2. When the fat-free diets were fed, the depot fat consisted of not more than 2% of acids having chains shorter than C₁₈. The main constituent was oleate, the level of which declined when 2% of linoleic acid was added to the diet. With the latter diet, 21% of linoleate was noted in the depot fat.

3. With MCT and no linoleic acid, the depot fat was similar to that of the animals fed the corresponding fat-free diet. With 2% of linoleic acid, substantial amounts of C₈, C₁₀, and C₁₂ acids were deposited; the oleate content declined from 45 to 26%, and the linoleate level was 11%.

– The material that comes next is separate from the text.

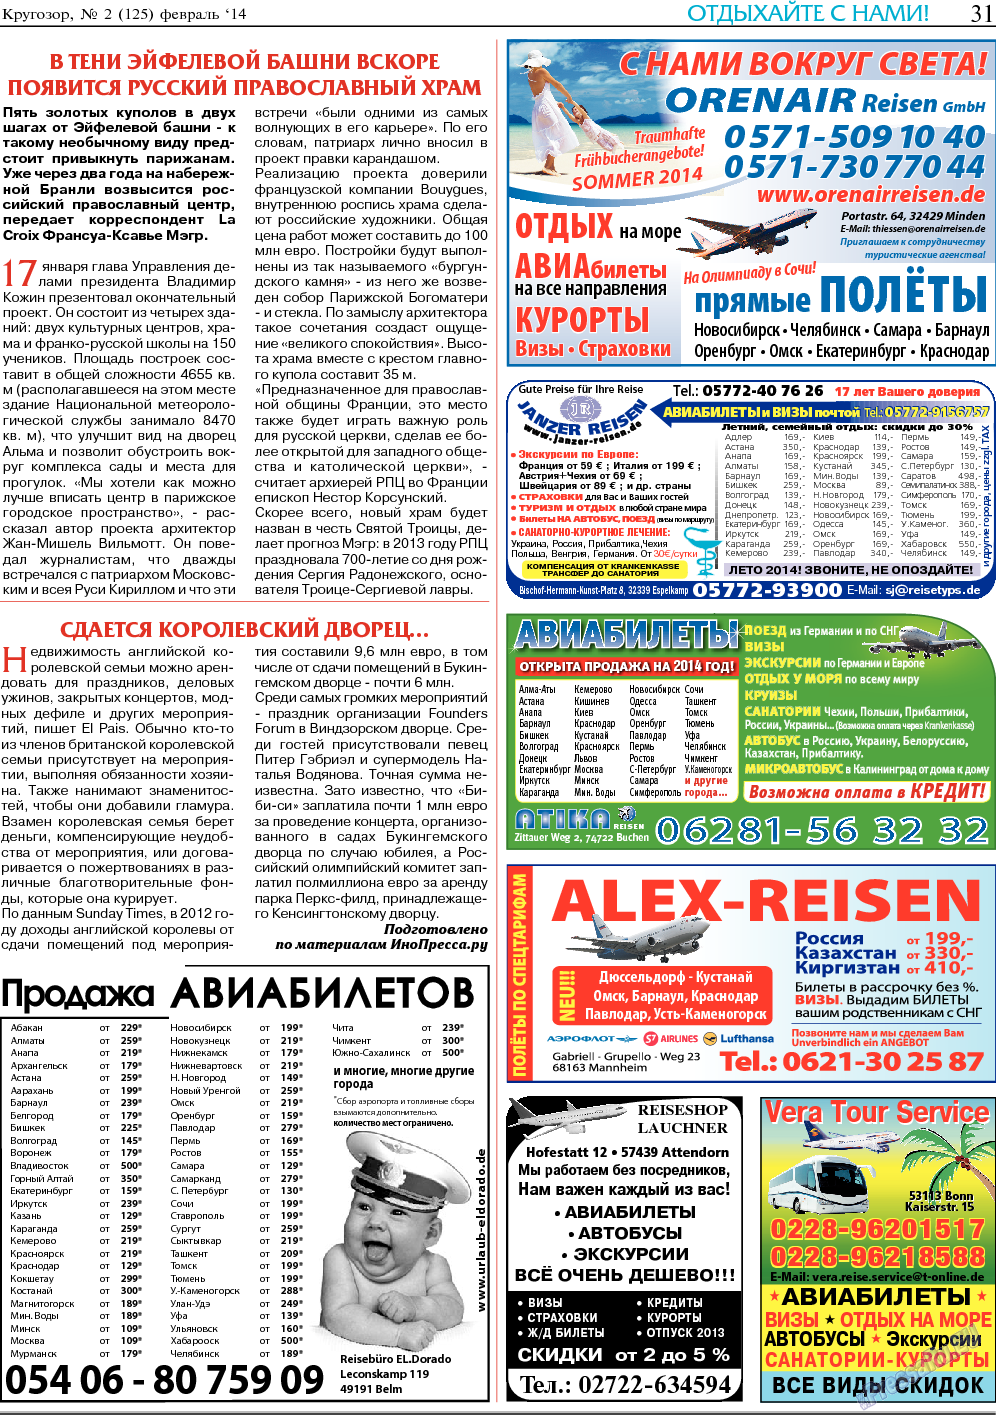 Кругозор, газета. 2014 №2 стр.31

4. With LCT, the depot fat contained a large amount of laurate and myristate. Linoleic acid supplementation increased their levels at the expense of oleate, with 0.1% of linoleic acid having a considerable effect. With 2% of linoleic acid in the diet, the depot fat contained 6% of linoleate.

5. It is concluded that linoleate regulates the type of fat deposited; it leads to a decrease in neutral fat in relation to body weight and facilitates the laying down of a depot fat more representative of that in the diet.